The company’s manufacturing techniques could be used for industries ranging from space to energy or climate, Badesha explained.

“We’re not dependent on just one market,” he said. “The same materials that are used for reentry vehicles or even for hypersonics, those same materials are used in hydrogen propulsion or even normal commercial aircraft.”

Over time, the company started thinking not just about printing materials for space — but printing them in space, too.

The company has a three-step plan, Badesha said. The first step is making everything on Earth and launching it to space. Step two is printing products, like antenna tiles, on the ground and assembling them in space. “We can start making 15-, 20-meter antennas like that,” he said, at a dramatically reduced cost.

The third step is doing everything in space: printing and assembly.

Skipping terrestrial printing and launch would be a huge cost saver over the long run. Badesha pointed out that antennas are among the biggest points of failure for satellites in GEO. The recent issues with ViaSat’s ViaSat-3 Americas satellite antenna are a case in point: If the company has to claim the mission as a loss, it would be a $700 million failure. In the future, Orbital Composites could have a business either servicing these ultra-expensive antennae or replacing them altogether.
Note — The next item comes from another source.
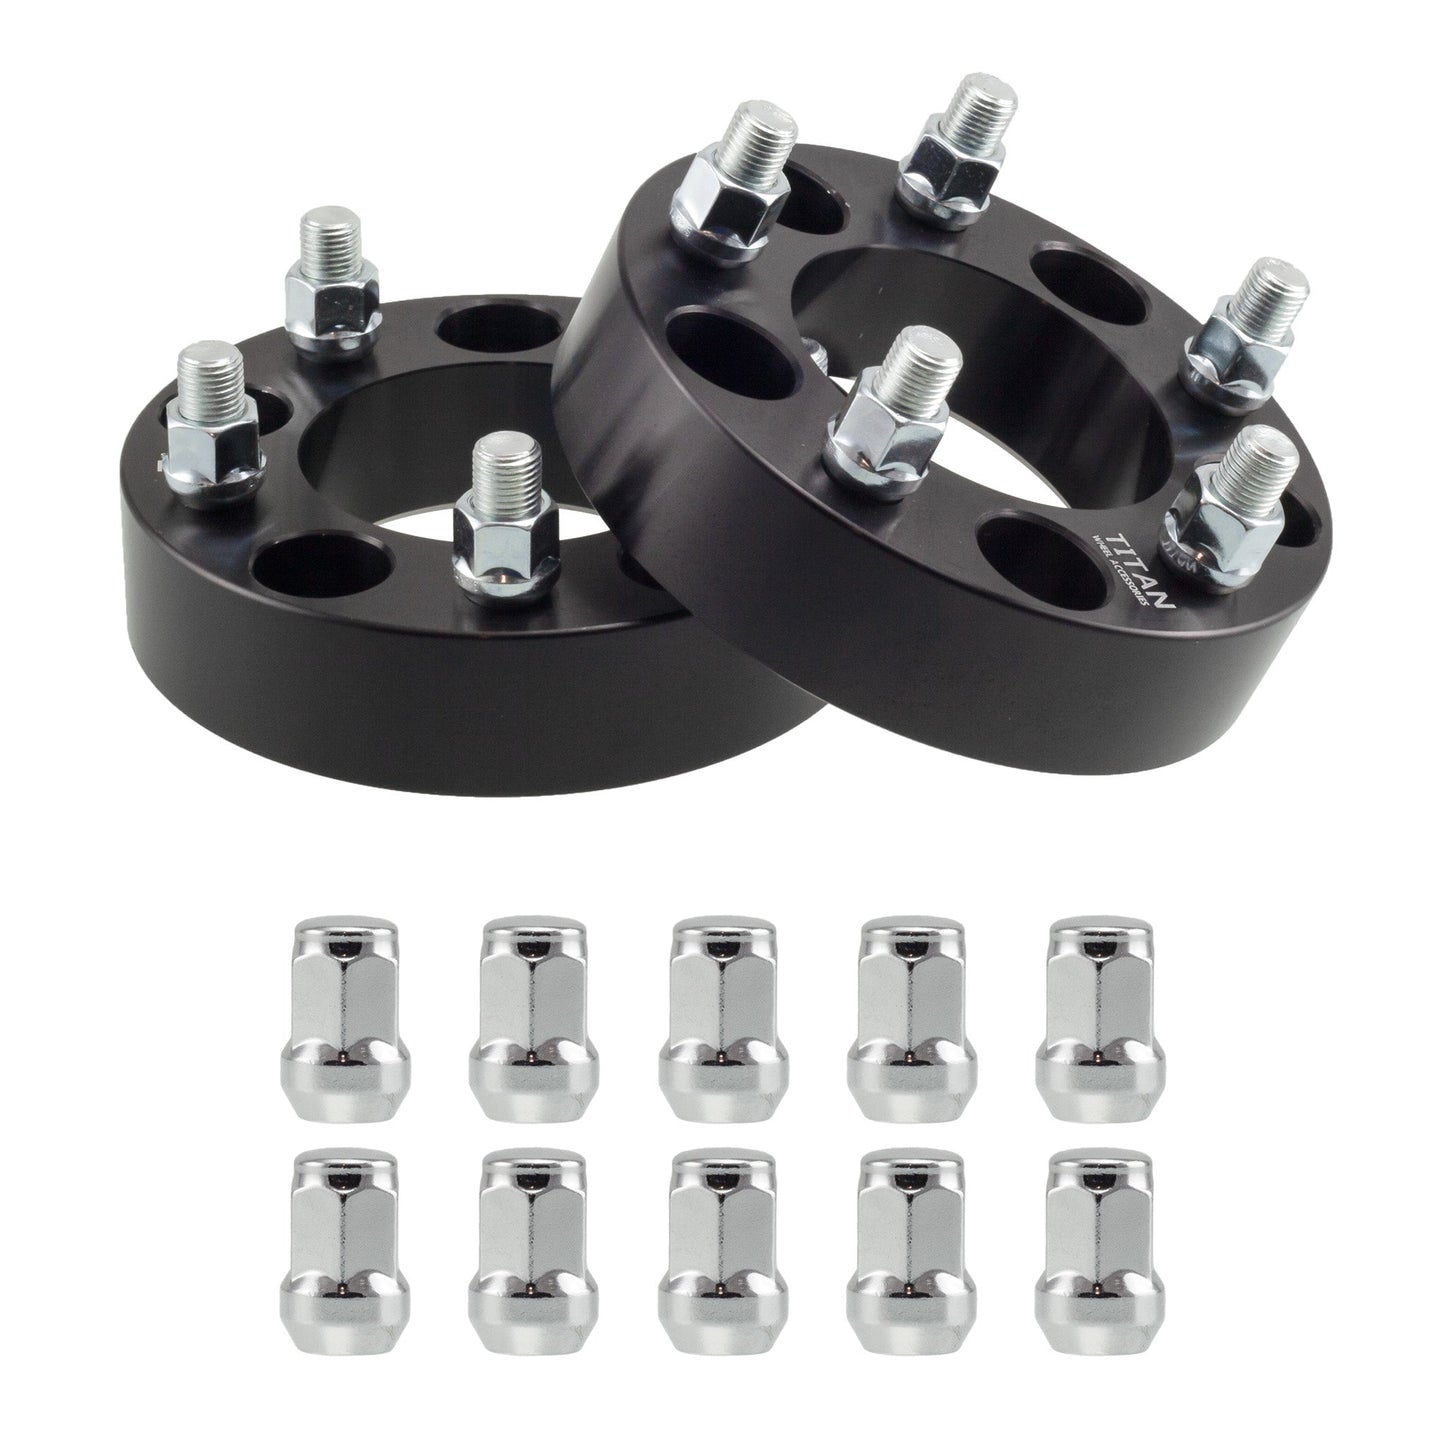 25mm (1") Titan Wheel Spacers for VW Golf Jetta Audi TT | 5x100 | 57.1 Hubcentric | 12x1.5 Studs | Titan Wheel Accessories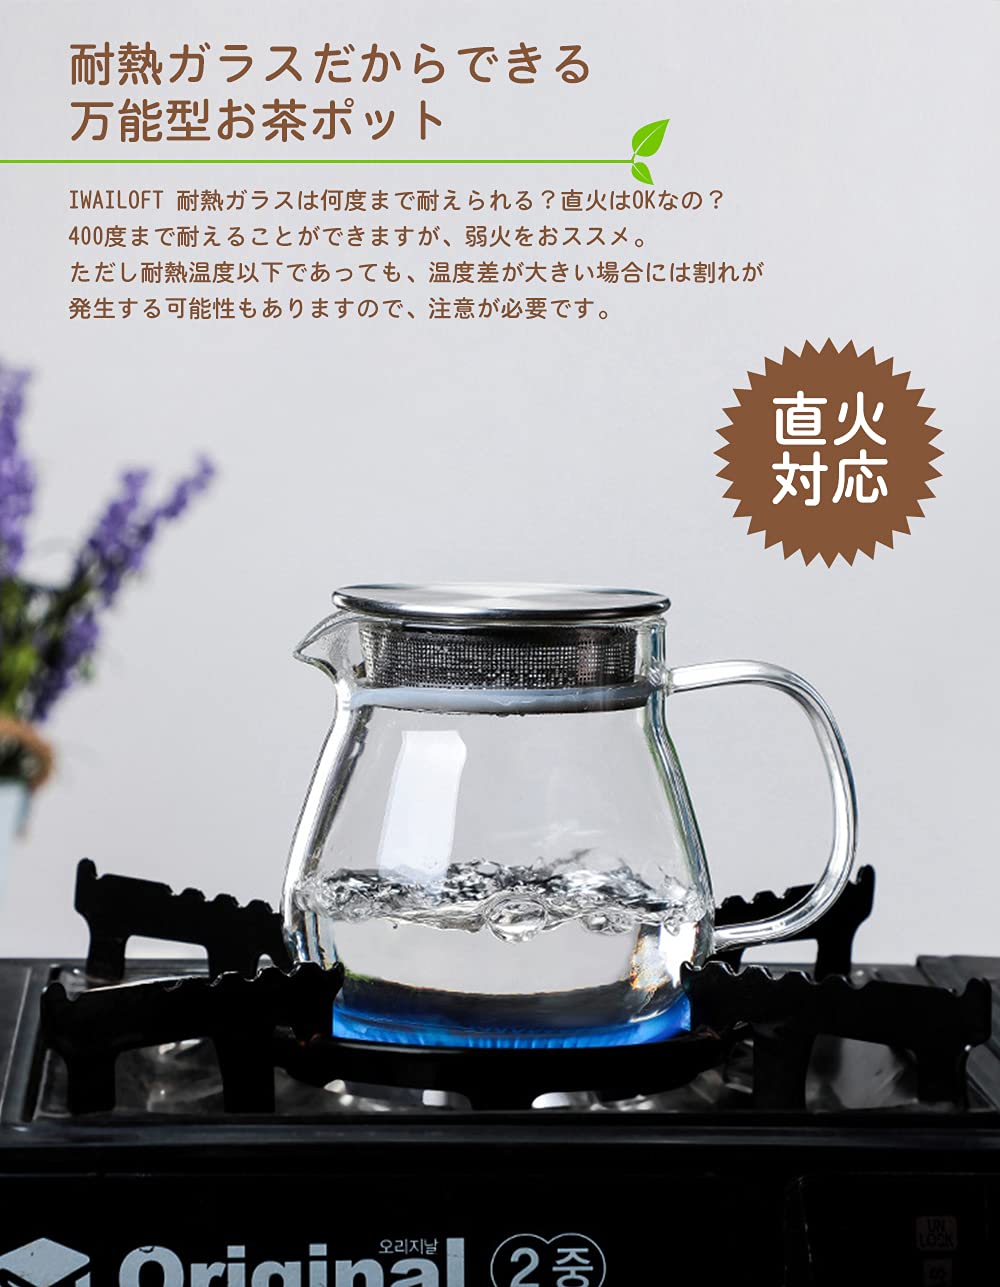 IwaiLoft ワンタッチ  ティーポット 耐熱ガラス ガラスポット ガラス急須 紅茶ポット 2~3人用扱いやすいティーポット ミルクピッチャー ジャグとしても便利 直火可 送料無料 食洗機対応 (450mL-700mL) リピ買い決定の人気アイテム

The SBIRs are related to this larger plan. The SBIR contract focused on quantum field antennas is looking at building massive antennas in space — up to kilometer-scale in the case of space-based solar power applications, Badesha said.

“The only way to do that is ISAM — in-space servicing, assembly and manufacturing,” he said.

Last month, Orbital Composites was also awarded a $1.7 million contract from the USSF to work with partners Axiom Space, Northrop Grumman and the Southwest Research Institute to explore 3D printing massive antennas in space. Eventually, the aim is to establish an in-space servicing, assembly and manufacturing lab outside Axiom’s private space station later this decade.